I don't quite understand the 4.4 paragraph. Yet. I will try to play with the settings a little maybe i get lucky.
 
I thought i'd better leave alone before i get too deep into meesing things up so i put back the original controller in order to verify everything still works as before.
After reading some more i decided to replace the BBSHD with an older BBSO2 i had as a spare and keep the former on my desk and mess with some more.
It seems like i can't even get the static test to pass even though on my first attempt i got stuck only on the dynamic phase of things.
I'll post a pic of my computer screen maybe someone can give me hint to might be wrong.
I can't make any sense of the blinking led on the PR. It seems like everything is wrong, it starts with 3 blinks two times, than 5 times, than 8 times then 6 times and lasttly one time.
I wonder if this means the 3, 5,6 and 8 errors.
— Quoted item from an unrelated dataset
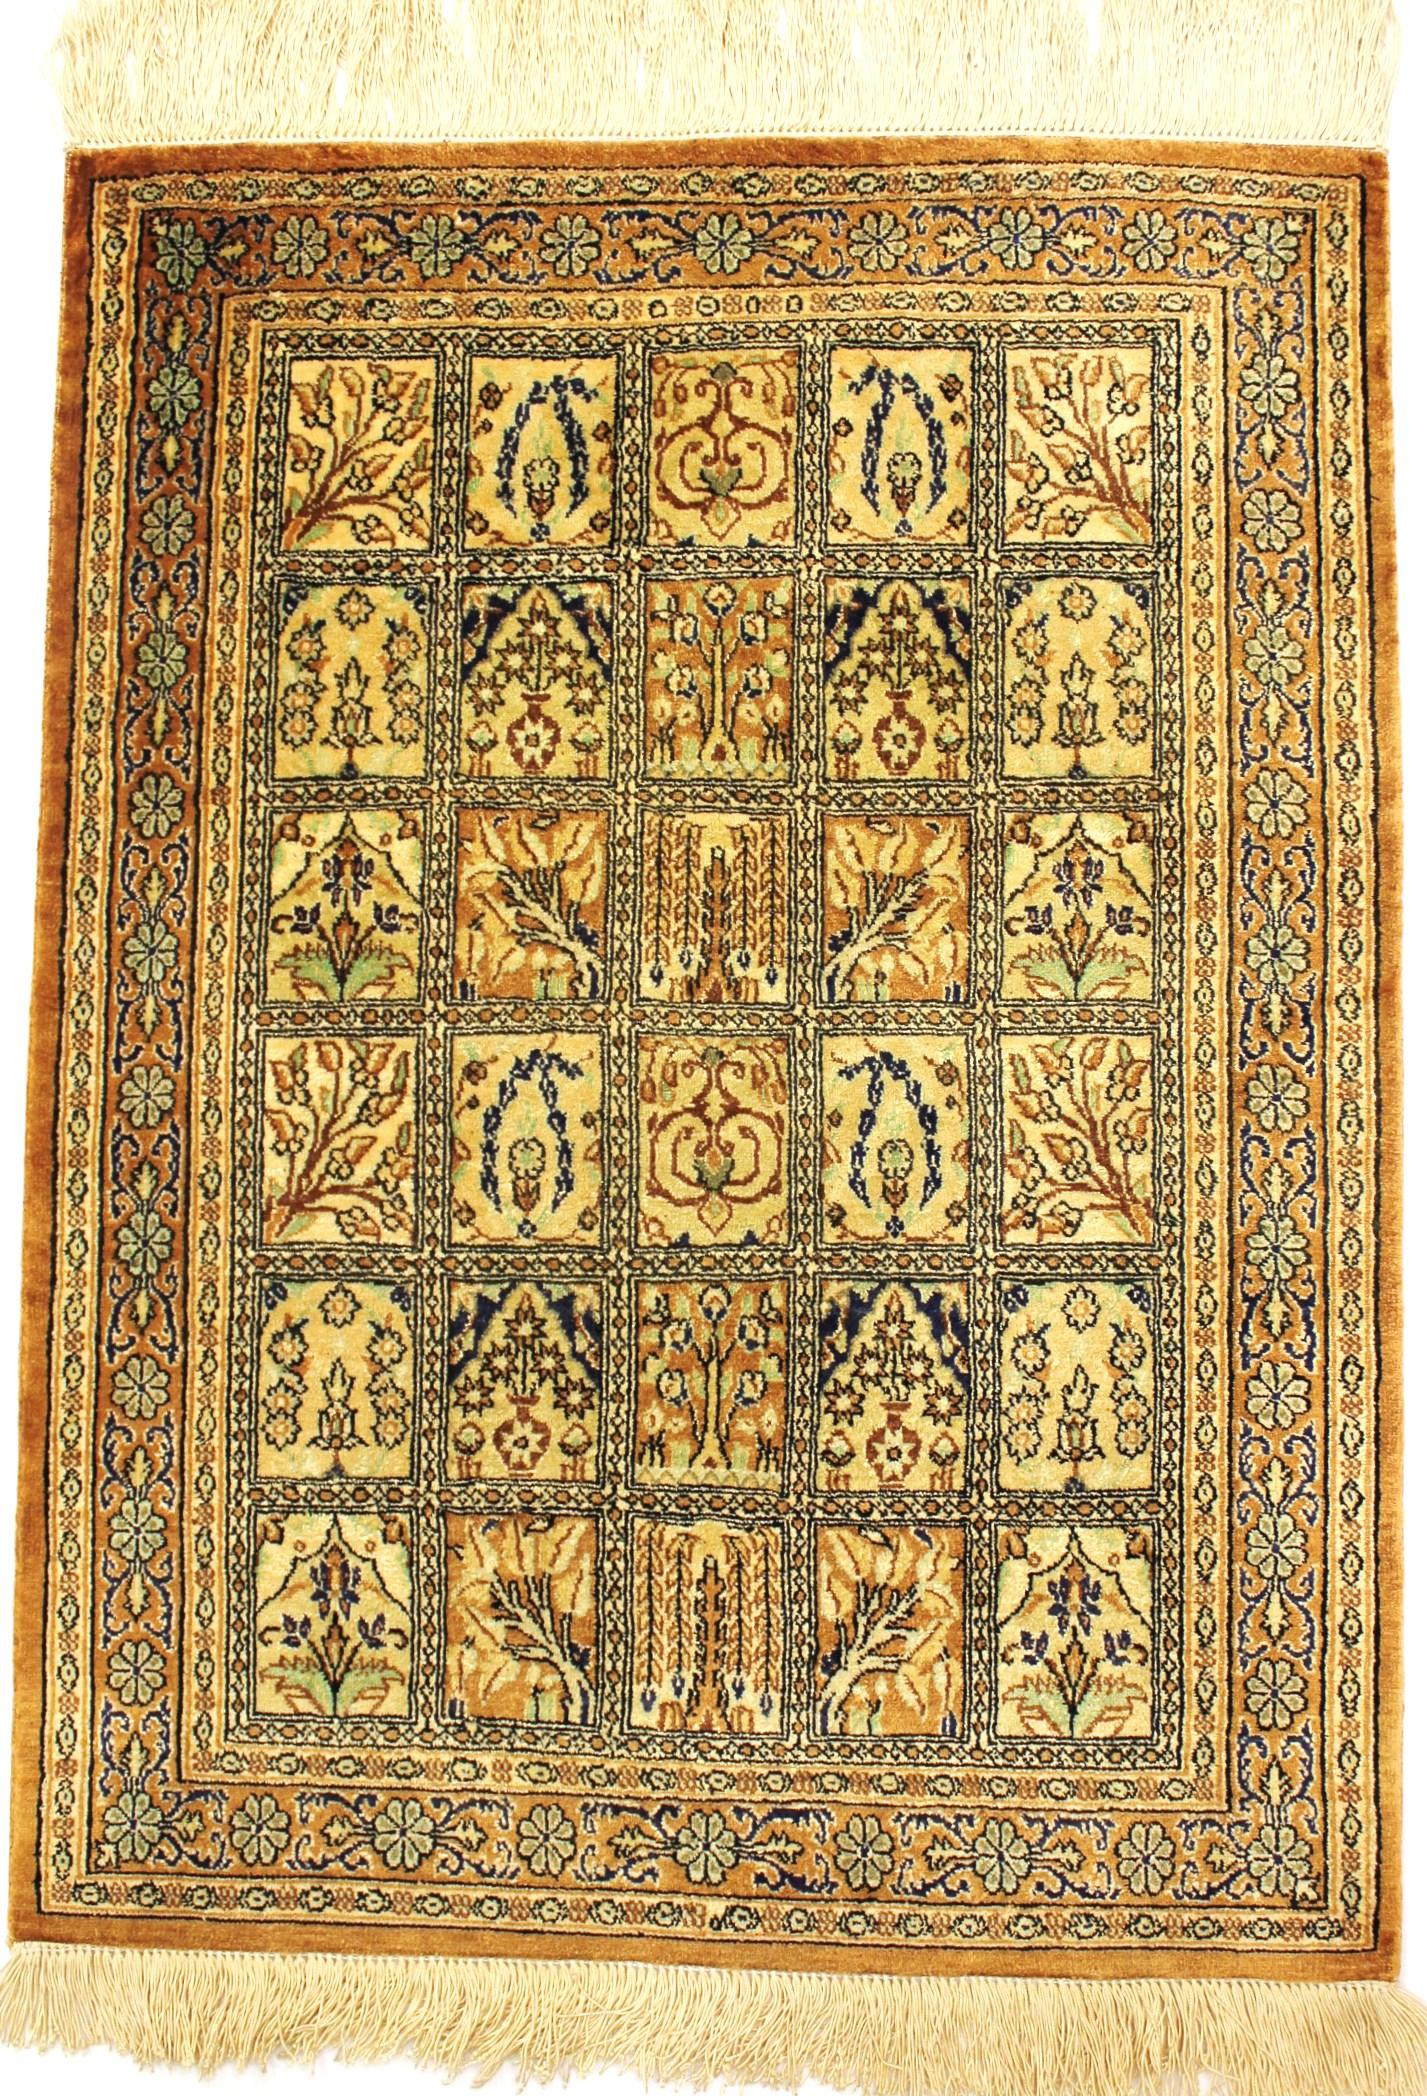 tapis persan ghoum soie 76x56 gobelins tapis. Black Bedroom Furniture Sets. Home Design Ideas
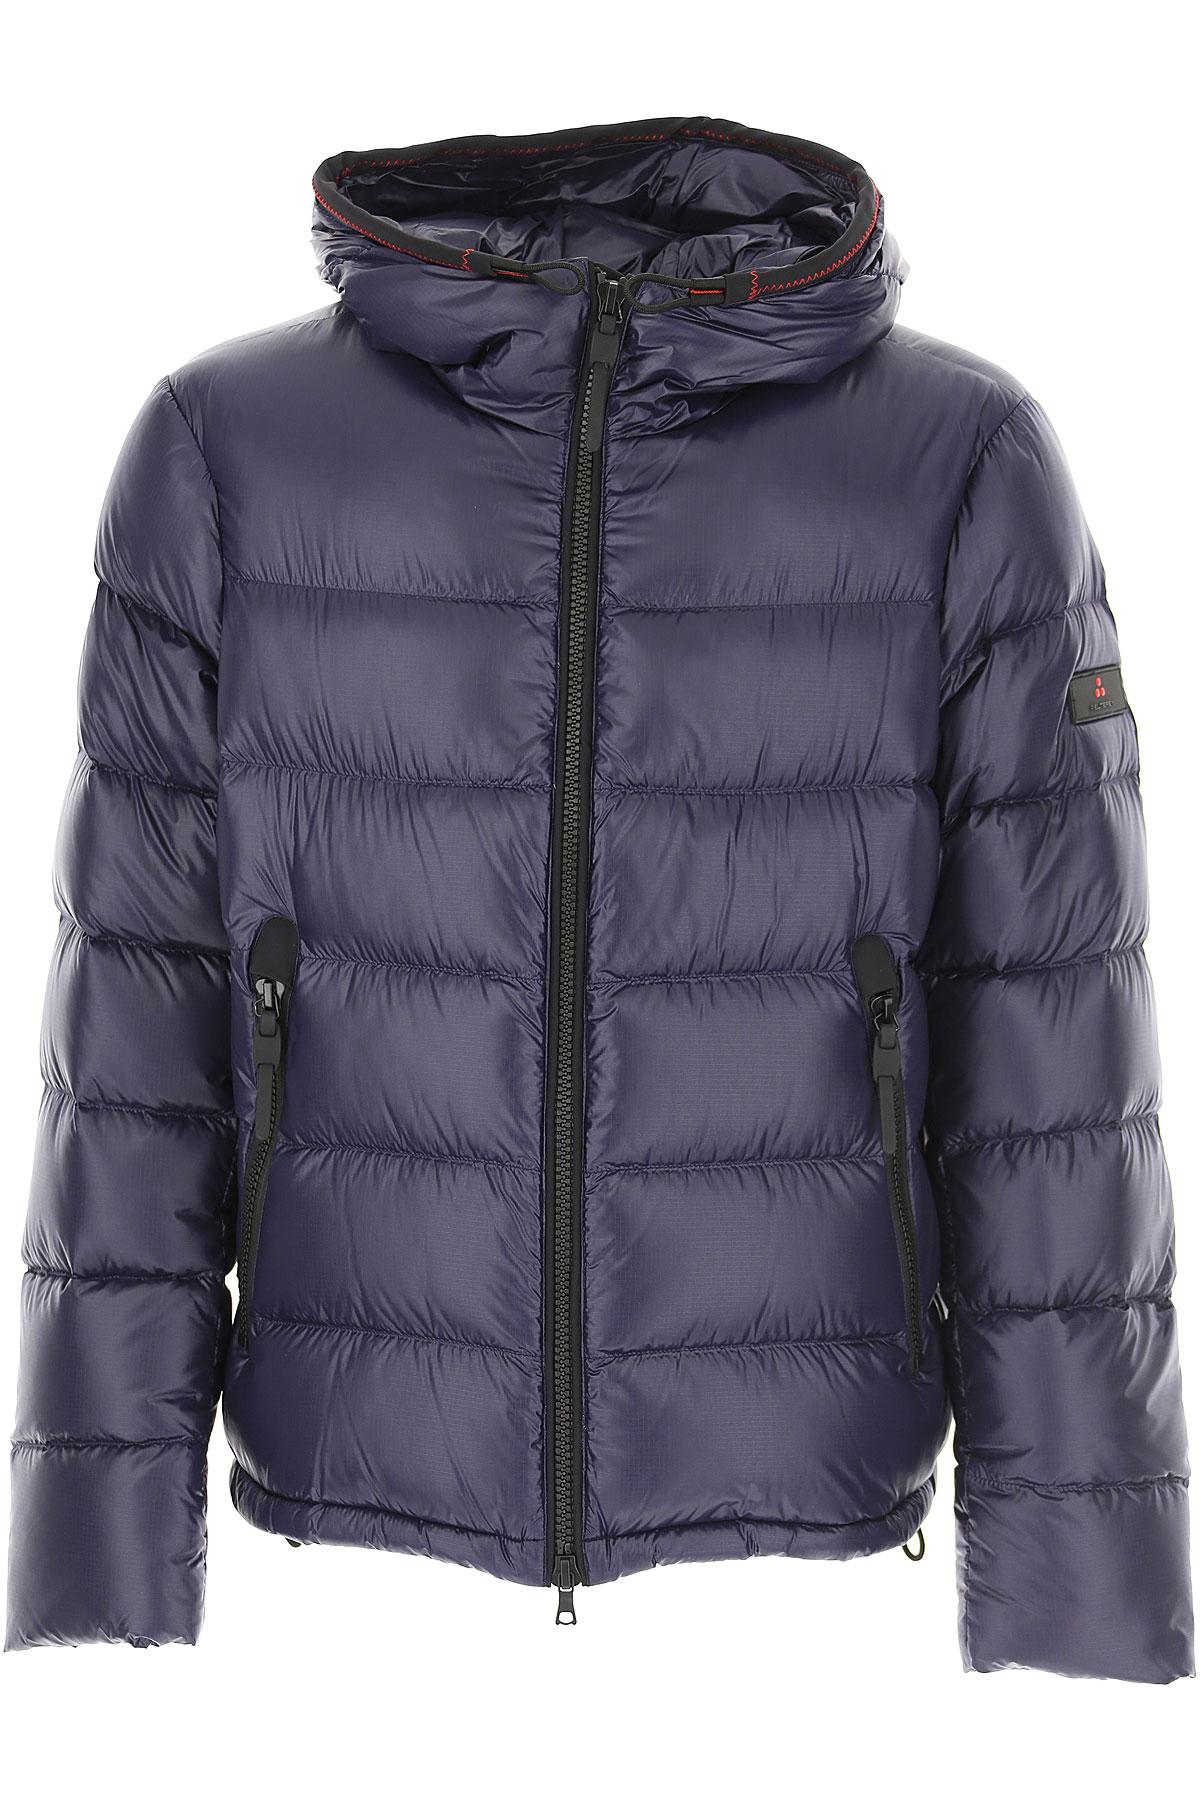 Peuterey Down Jacket for Men, Puffer Ski Jacket On Sale, Dark Blue, Down, 2019, L M

I could understand error 6 hall sensor fault might have something to do but the rest when i ahven't even strated anything.
I knew this kind of stuff is not for me but i will try to make some sense out of it at least maybe i can learn something.

w2biiRm.jpg
 
Well i reflashed the default parameters XML file and was able to get things going, had to revers the rotation and everything workd fine.
Then i had the malefic inspiration to change the battery voltage, maximum power from2000W to 3000 and max regen to Amps and saved.
Lo and behold nothing works and i get the "controller over voltage" error with a red dot for good measure and cant clear the SOB either by clicking the clear faults tab or recycling the power. Damn,i'm back to square one.
I will try some cheap "Canadian Mist" whisky, maby that will help burn down the house.
 
Well i was able to redo the autotuning and again everything seems to work ok.
Of course not without some 1-6 led flashes on the controller and the yellow dot award VdcHighFLDBK on the PR Suite.
But at least the throttle works, the motor is spinning so the Canadian Mist must've helped at least partially.
I will leave any other battery,power,amps,regen alone on the software and probably will try to find out how to disable the regen and eventually try to learn to fine tune whatever can be tuned with the CA.